= Lafif Lakhdar =

French-Tunisian writer and journalist (1934-2013)

Lafif Lakhdar (also written "Al-Afif Al-Akhdar" or "Afif Lakhdar") was a French-Tunisian writer and journalist. He was born the 6th of February 1934 in Maktar and died the 26th of July 2013.

==Life==

Lafif Lakhdar was born into a very poor family. He studied in a madrasa and applied the University of Ez-Zitouna in Tunis; he became a lawyer in 1957. He left Tunisia in 1961 and moved to Algeria, where he was one of Ahmed Ben Bella's close friends. He began a long journey throughout the Middle East. In 1979 he settled in France.

As a leftist thinker he took part to the debate on secularism in Muslim countries. As a journalist he worked for several newspapers : Al-Hayat, Al-Quds Al-Arabi and more recently for the online magazine Elaph.

==Books==
- The Position on Religion (in Arabic), Dar al-Tali'a, Beyrouth, 1972.
- L'organisation moderne, Dar Al-Tali'a, Beyrouth, 1972.
- Mohamed Abd El Motaleb Al Houni, L'impasse arabe.

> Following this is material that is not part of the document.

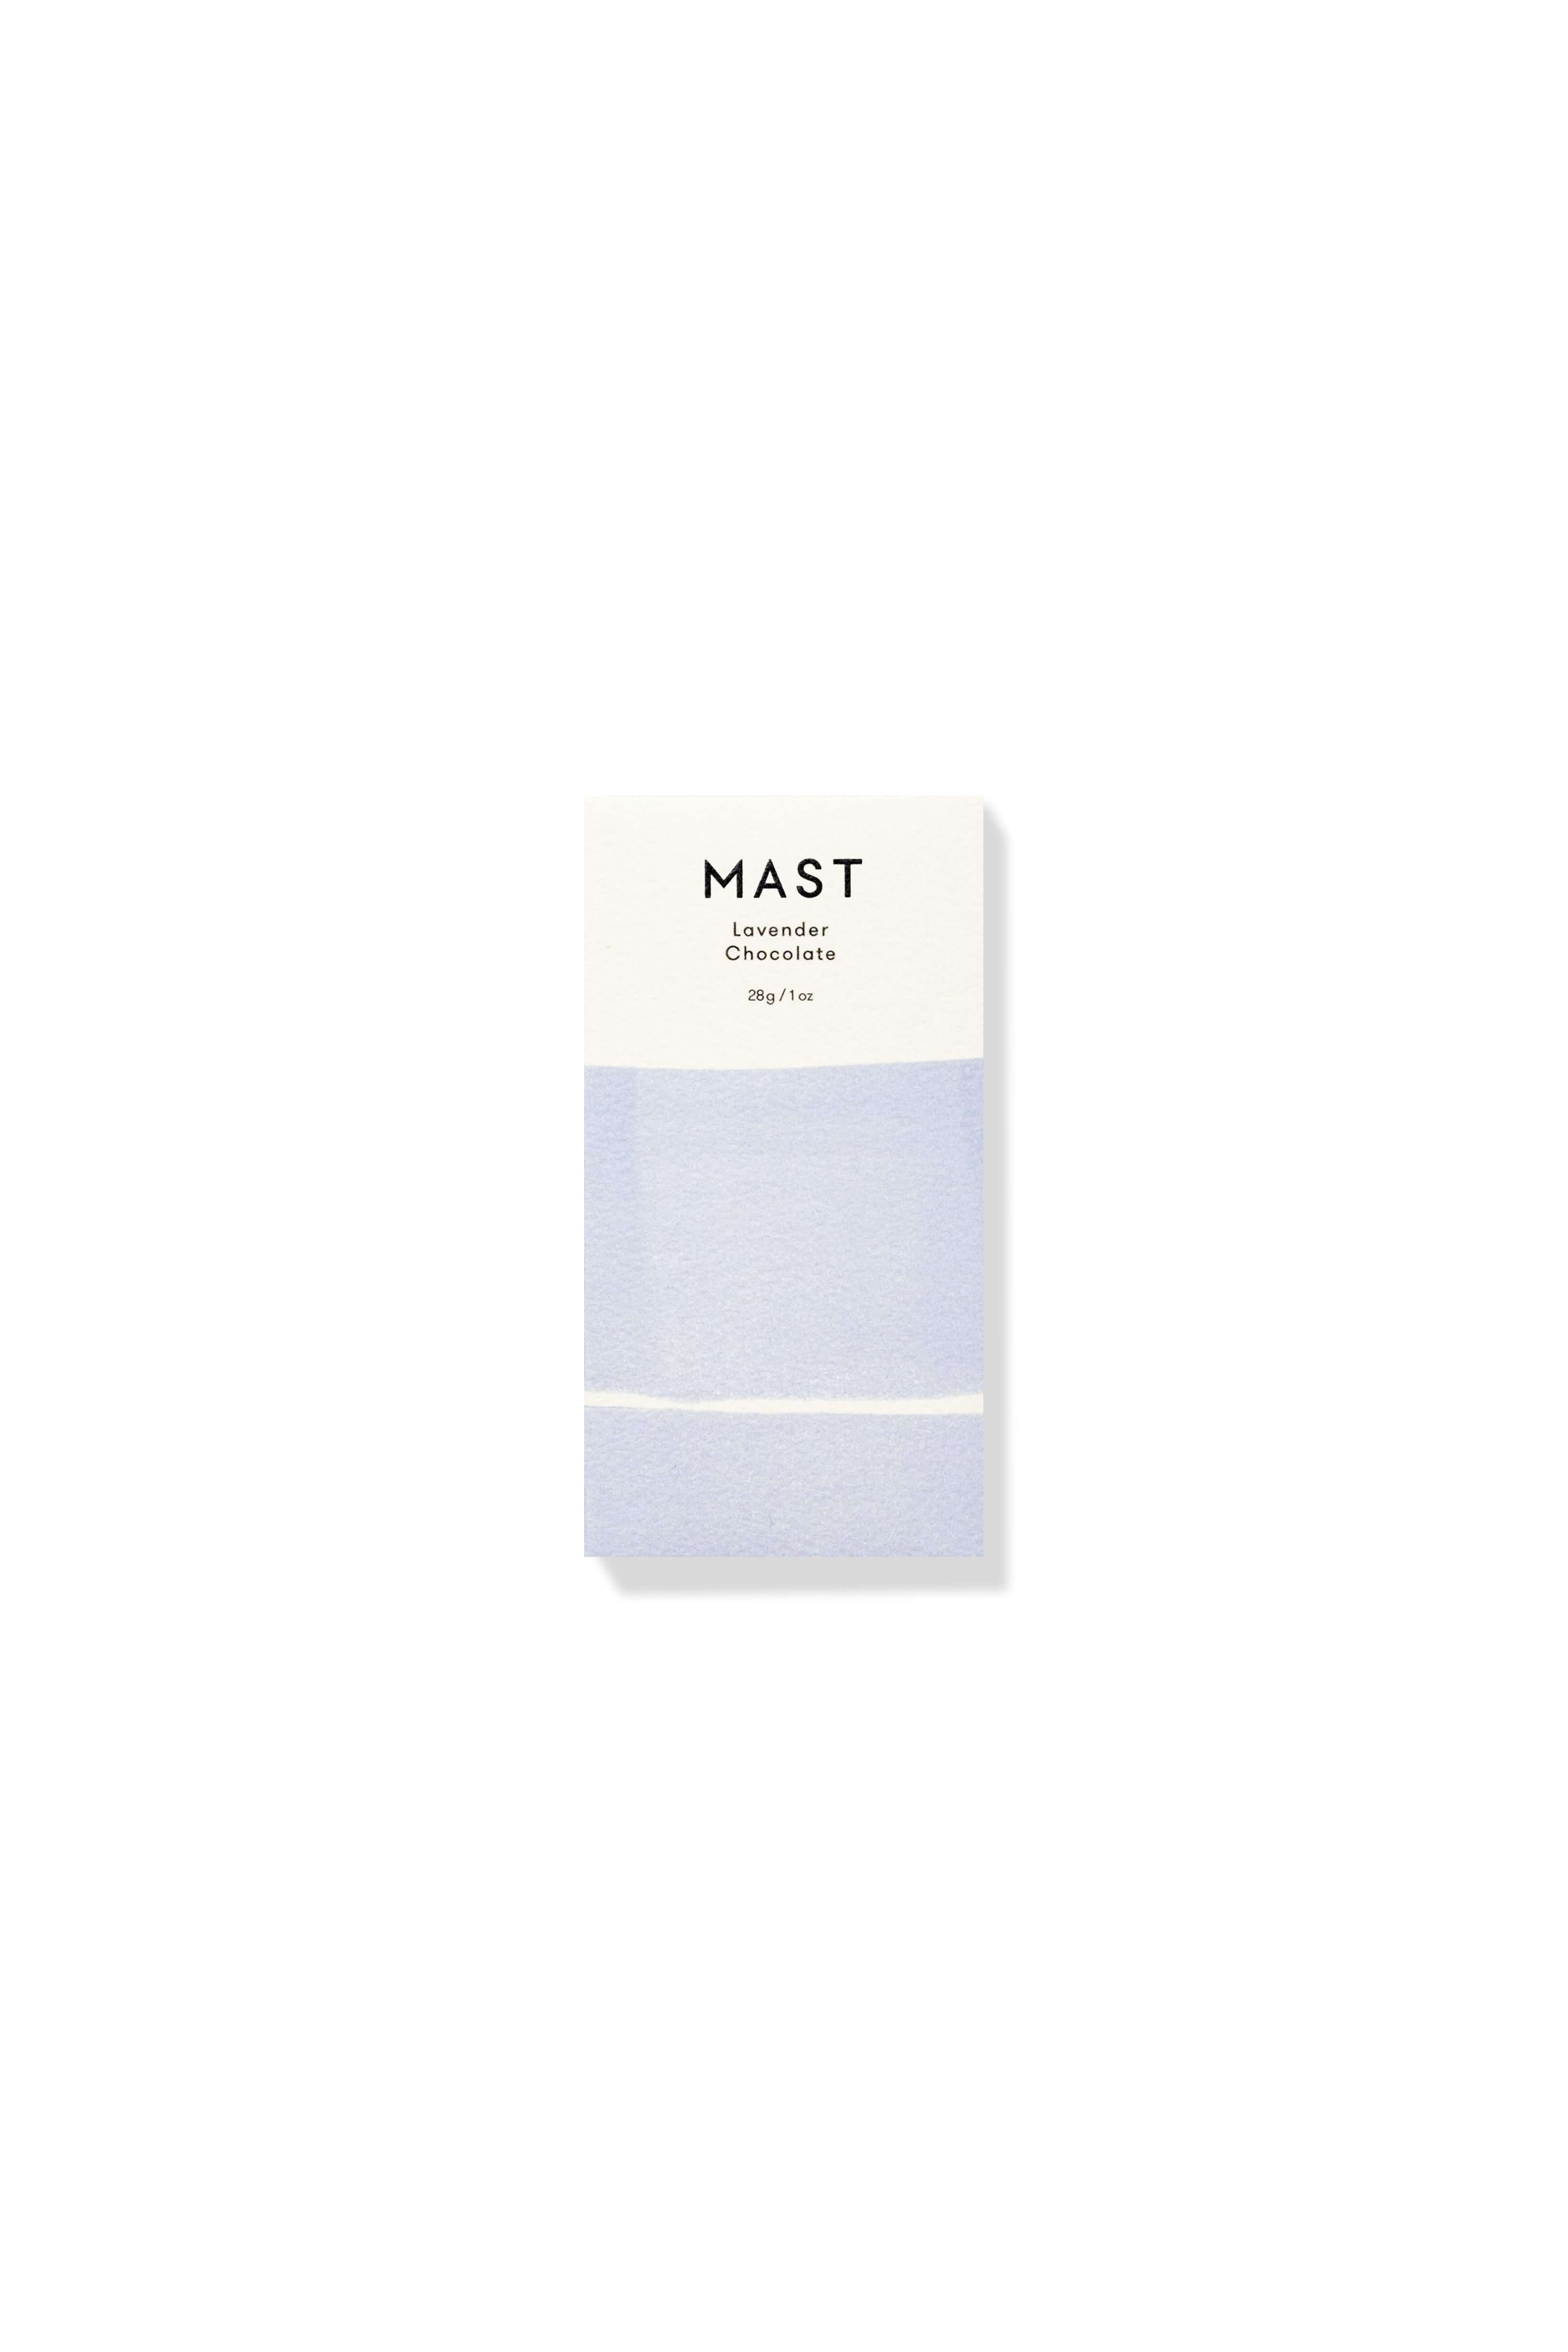 Mast - Lavender Chocolate - Mini (28g / 1oz)

Les Arabes face à la nouvelle stratégie américaine, Preface by L. Lakhdar, Paris, L'Harmattan, 2004 (ISBN 978-2747570411)
- Min Muhammad al-iman ila Muhammad at-tarikh ("Muhammad: From Faith to History"), Al-Kamel Verlag, Cologne, 2014.

==Selected articles==
- "Moving From Salafi to Rationalist Education," in The Middle East Review of International Affairs (Volume 9, No. 1, Article 3, March 2005).

==Bibliography==
- Shaker Al-Nabulsi, The Devil's Advocate : A Study of Al-Afif Al-Akhdar's Thought, Beyrouth, Arab Institute for Research & Publishing, 2005 (ISBN 9953-36-791-4)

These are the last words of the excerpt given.